The WRC has contacted Adidas, Nike, and Russell Athletic to seek their support in correcting the violations identified.  Remediation of these violations would entail, at a minimum: payment of all legally mandated severance benefits and back pay owed to workers and payment of all contributions owed to the government health and pension funds; efforts by the brands to use their influence with other manufacturers in the area to ensure that the employees that have been blacklisted are able to pursue employment opportunities without discrimination; and efforts by the brands to use their influence with leaders in the Salvadoran apparel industry and with government officials to discourage further acts of intimidation against former Hermosa workers.

At this time, the worker rights violations identified remain unresolved.  Nike, Adidas, and Russell have taken some steps to address the severance and back pay issues.  Representatives of the brands have met with government officials, worker representatives, and factory representatives to discuss how the factory’s remaining assets, including machinery, can be liquidated in order to generate the necessary funds.  However, this prospect is complicated by legal claims on the factory’s assets from other creditors.

These creditors are claiming a right to all proceeds of the sales of Hermosa’s assets, even if these sales produce revenue in excess of the amount actually owed to the creditors by the factory.  At this time, it is doubtful that the creditors will relinquish their expansive claims; it is also unclear whether the funds generated by the sale of these assets would be sufficient to cover the debts owed to workers even if the other creditors do relinquish some or all of their claims. 

The two brands from which the WRC has received information, Adidas and Russell (Nike has not yet provided the WRC with substantial information about its actions and intentions), have not indicated to what extent they will be willing to assume responsibility for the debts owed to workers in the event that the funds made available to workers through the sale of the factory’s assets fall short of what is owed.  Brands are, in the WRC’s experience, loathe to accept responsibility for such debts, even in cases such as this one where the brands contributed to the problem by failing to detect inappropriate financial practices by their supplier.  

Adidas and Russell have acknowledged that blacklisting may be a problem and have indicated that they are willing to encourage their other suppliers in the area to consider former Hermosa workers for positions on a non-discriminatory basis.  However, no action on this issue has been taken to date and the brands have indicated that they presently have limited production in El Salvador and that this may restrict their ability to assist workers in finding employment.  None of the brands appear to have meaningfully investigated the allegations of intimidation and threats against workers, nor taken any action to address this problem.
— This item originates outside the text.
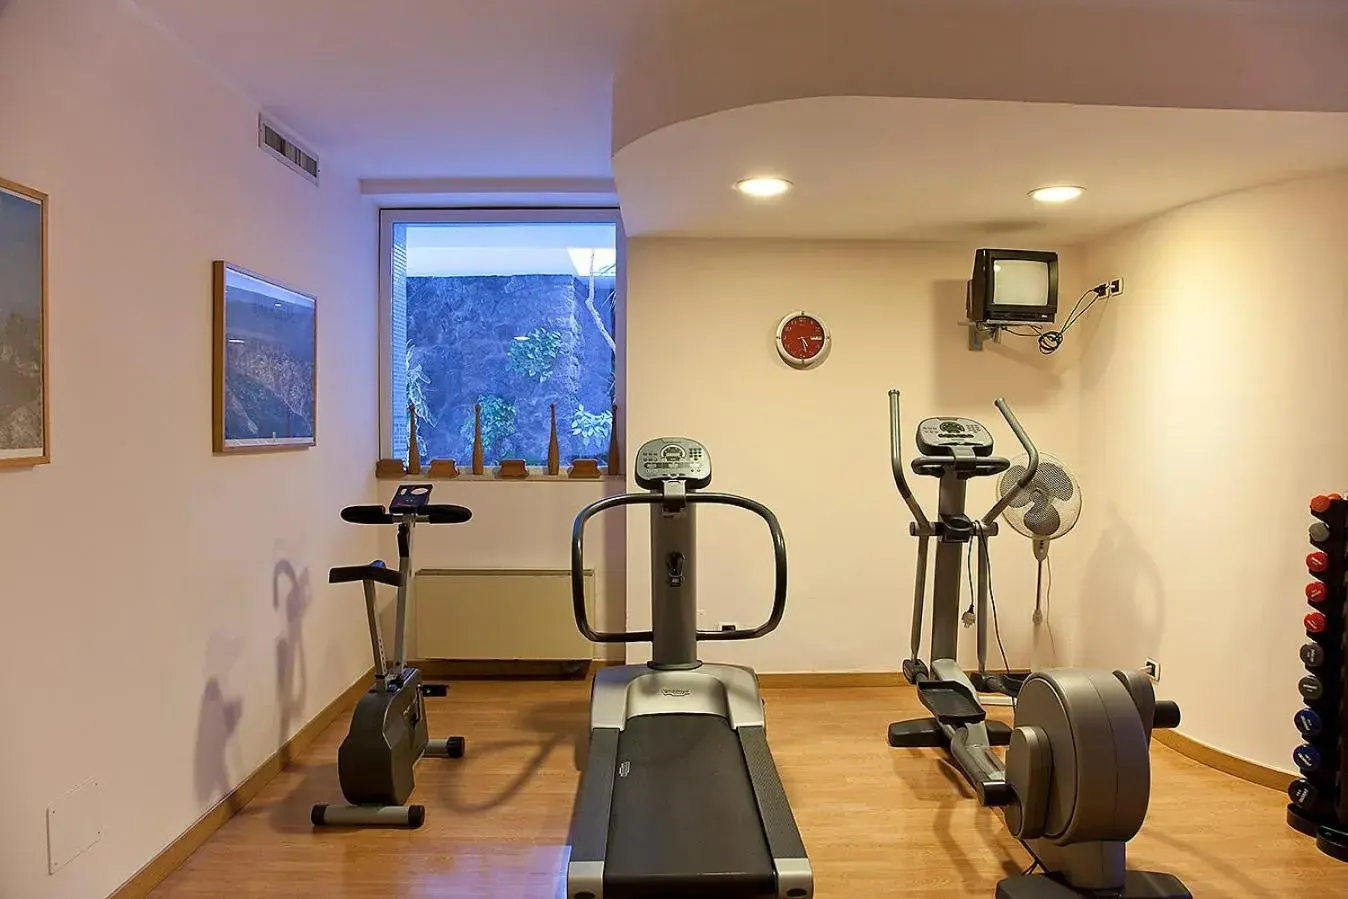 Fitness centre/facilities, Fitness Center/Facilities in Grand Hotel Il Moresco

More aggressive action on all of these issues by the brands will be necessary if workers are to receive the monies they are legally owed and if further retaliation against these workers, in the form of intimidation and hiring discrimination, is to be prevented. 


Grupo M/ Codevi (Haiti)

The WRC is pleased to report a significant breakthrough at the Grupo M/Codevi free trade zone in Haiti. The Grupo M/Codevi zone is located in the town of Ounaminthe, Haiti, along the Haitian-Dominican border. The facility was constructed by Grupo M and financed with a $20 million loan from the International Finance Corporation, the private sector lending arm of the World Bank. Grupo M is the Dominican Republic’s largest private employer. Its facilities – which are mostly in the Dominican Republic – produce logo apparel for university licensees, including Ashworth and Jones and Mitchell Sportswear. The Codevi facility manufactures denim products and t-shirts for companies such as Levi Strauss (LS & Co.), Sara Lee, and Vanity Fair Corporation. As we have reported previously, because the primary buyer at the facility in question is LS &Co., the WRC has worked most closely with this brand in efforts to remediate code of conduct violations.

After two years of efforts to remediate major worker rights violations, the Grupo M/Codevi zone has undergone a remarkable transformation. As detailed below, these improvements include cessation of violations of workers’ associational rights, recognition of an independent trade union, and negotiation of a collective bargaining accord – a level of compliance with codes of conduct and international standards on freedom of association that is rarely seen in Haiti. The accord, among other benefits, provides wage increases unprecedented in Haiti’s export apparel industry.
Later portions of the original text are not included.